Using cultivation-based techniques, it has been estimated that more than 70% of the culturable bacteria isolated from the rhizosphere may be common to different plant species (Sturz et al. 1998). However, cultivation-based methods are very selective as only a small proportion of soil microorganisms can be cultured (Bakken 1985; Faegri et al. 1977; Torsvik et al. 1990). Therefore culture-independent methods such as fatty acid extraction (Ibekwe and Kennedy 1998; Cavigelli et al. 1995), T-RFLP (terminal-restriction fragment length polymorphism; Liu et al. 1997) and DGGE (denaturing gradient gel electrophoresis; Muyzer et al. 1993; Muyzer and Smalla 1998) are increasingly used for microbial community analysis. Previously, 16S rDNA profiles have been used to study the effect of the plant iron nutritional status on bacterial communities in different root zones (Yang and Crowley 2000) and plant species-soil interactions in soils with different textures (Marschner et al. 2000). Community analyses based on DGGE provide relatively low resolution of total species diversity (Muyzer et al. 1993; Ovreas and Torsvik 1998), but have been shown to be particularly useful for producing unique community fingerprints that can be used for the analysis of changes or shifts in populations of the predominant community members (Ferris et al. 1996; Massana et al. 1997; Ovreas et al. 1997; Ovreas and Torsvik 1998; Yang and Crowley 2000). Changes in the relative predominance of community members between identically treated samples also can be examined statistically by subjecting the DGGE profiles to image analysis followed by statistical analysis of the DNA band peak data using procedures such as factor analysis, correspondence analysis, and other multivariate statistical methods (Eichner et al. 1999; Yang and Crowley 2000).

In this experiment, we examined the eubacterial community structures of the rhizoplane of four crop seedlings, maize, millet, groundnut, and cowpea, which were grown under identical conditions in a growth chamber with soils from continuous cereal or legume/cereal rotation plots.

Materials and methods

Soil sampling

In December 1998 soil samples were taken from millet/cowpea field experiments at Gaya, Niger (11°59′N, 3°32′E) and maize/groundnut experiments at Kaboli, Togo (8°45′N, 1°35′E). Some basic soil properties are described in Table 1 (Buerkert et al. 2000). These field experiments contained one crop per year and were established in 1995 (Gaya) and 1996 (Kaboli) leading to a 3- and 4-year cropping history before sampling. Continuous cereal plots and plots from cereal/legume rotations that were last sown to legumes were sampled at either site by taking eight cores (5×15 cm) from each of two duplicate plots of 10×10 m for both cropping treatments. All 16 cores were mixed together into one aggregate sample. This aggregate sample was dried in the shade, sieved to 2 mm, mixed again, and subsequently placed in plastic bags for transport.

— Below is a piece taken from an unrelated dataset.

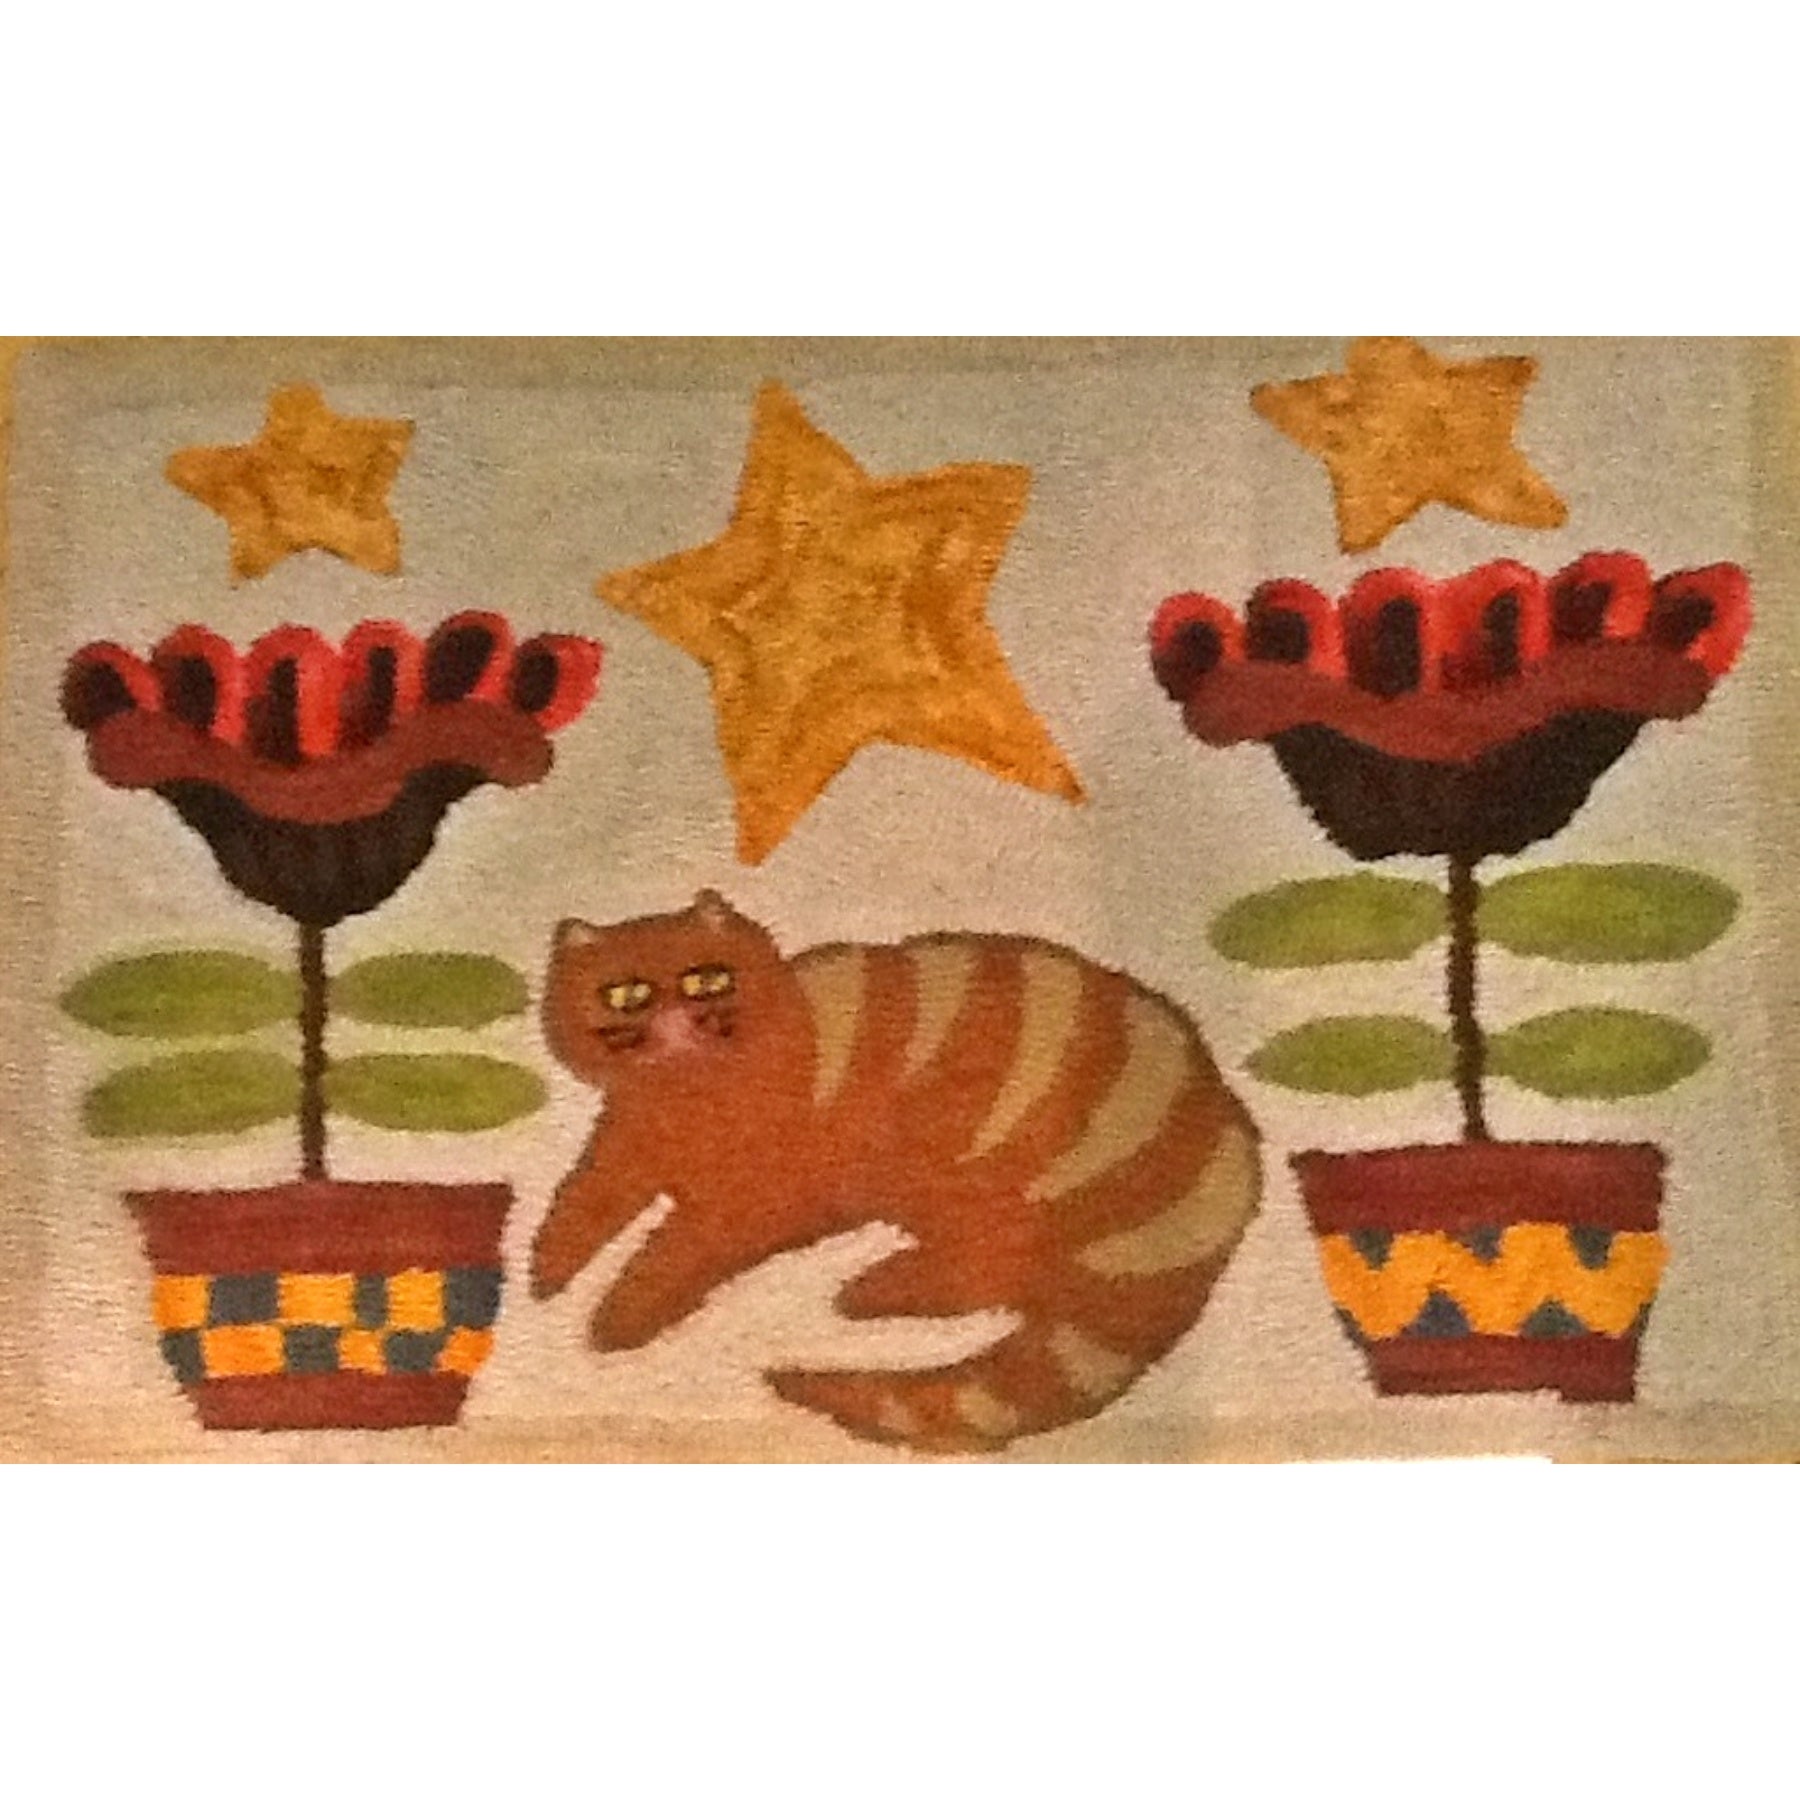 Tiger In Pots, rug hooked by Patricia Boysen
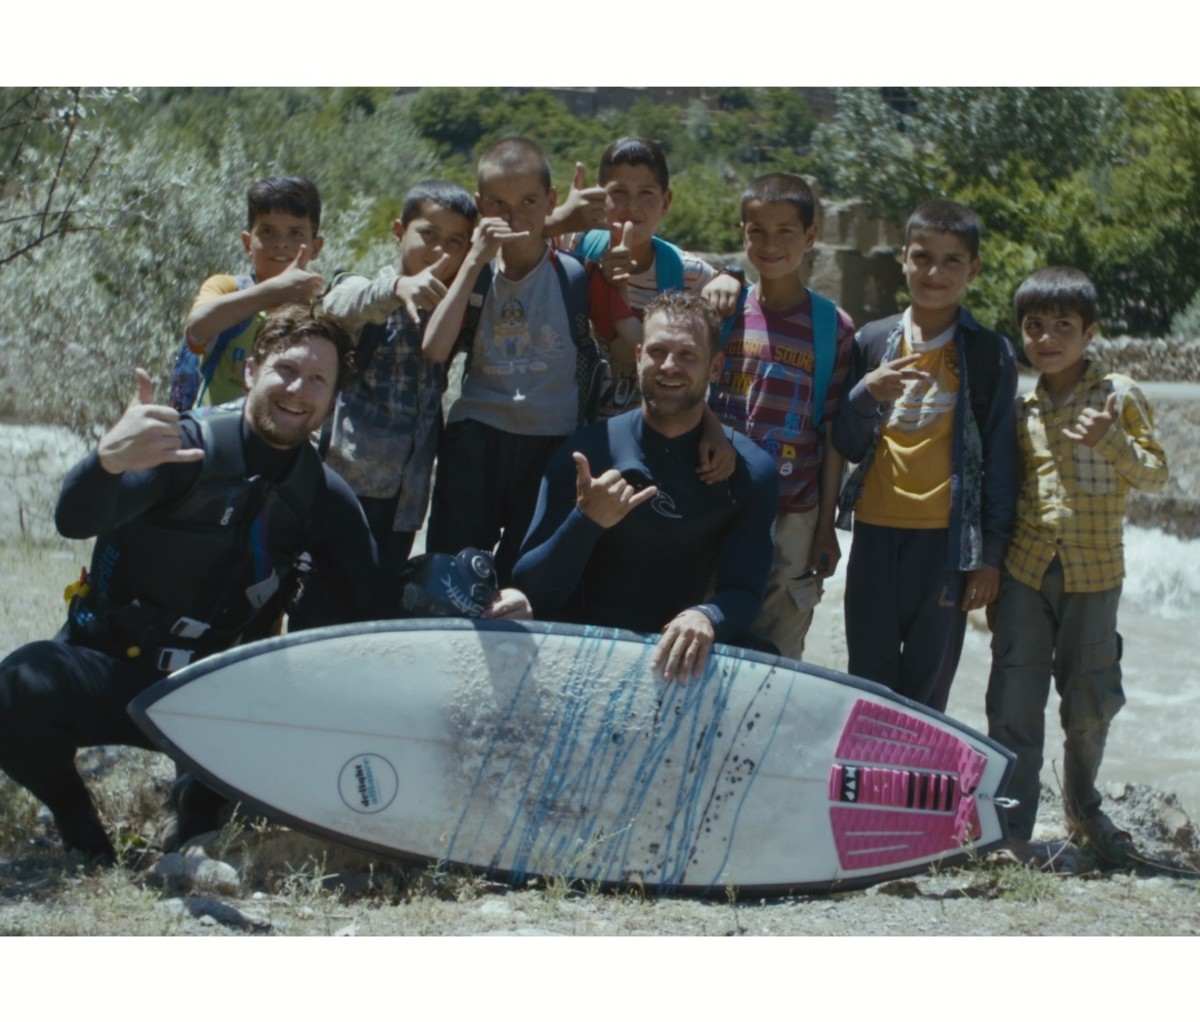 Jacob Kelly Quinlan poses with local kids after surfing a river in Afghanistan

Table 1 a . Mean annual precipitation and initial soil chemical parameters
Full size table

To standardize the soil moisture of the dry soil samples during storage and prior to use for soil analyses or plant growth experiments, the soils were incubated for 6 weeks in 1-l jars containing a vial of saturated Na2HPO4 allowing equilibration to a soil water potential of 6.9 MPa.

Growth chamber experiment

One hundred grams of each soil, Kaboli-rotation, Kaboli-continuous, Gaya-rotation, and Gaya-continuous was placed in acid-washed, 95-ml, pine-seedling tubes. Four tubes each were sown to millet, cowpea, and groundnut in Gaya soils and four tubes each to maize, cowpea and groundnut in Kaboli soils. Two seeds pre-germinated for 48 h and exhibiting a root radicle were planted per tube. Seedling emergence was generally 1–2 days after sowing. Two tubes of each crop species were harvested at 7 days and again at 14 days after sowing. Plants were grown in a growth chamber with 65% relative humidity at 22°C. The light schedules and light intensity were 15/9 h of 370 μE m−2 s−1. Root and soil samples were taken in duplicate of root tips (0.5 cm), of older root (0.5 cm), and of the bulk soil (1 g) from each tube. Roots were sampled using a sterile razor-blade and forceps. Roots were not washed and any soil adhering directly to the roots was included in the sample. Bulk soil was taken from the surface, middle and bottom of the tubes and mixed into an aggregate sample.

DNA extraction

Soil samples of 0.5 g or three root samples 0.5 cm in length, respectively, were placed in a bead-beater tube (BIO 101, Vista, Calif.) and shaken in a Fastprep FP120 bead beater (BIO 101, Vista, Calif.) at 5.5 m s−1 for 30 s. Total DNA from soil and water samples was isolated with the Fast-DNA-Kit (BIO 101, Vista, Calif.) as described by the manufacturer.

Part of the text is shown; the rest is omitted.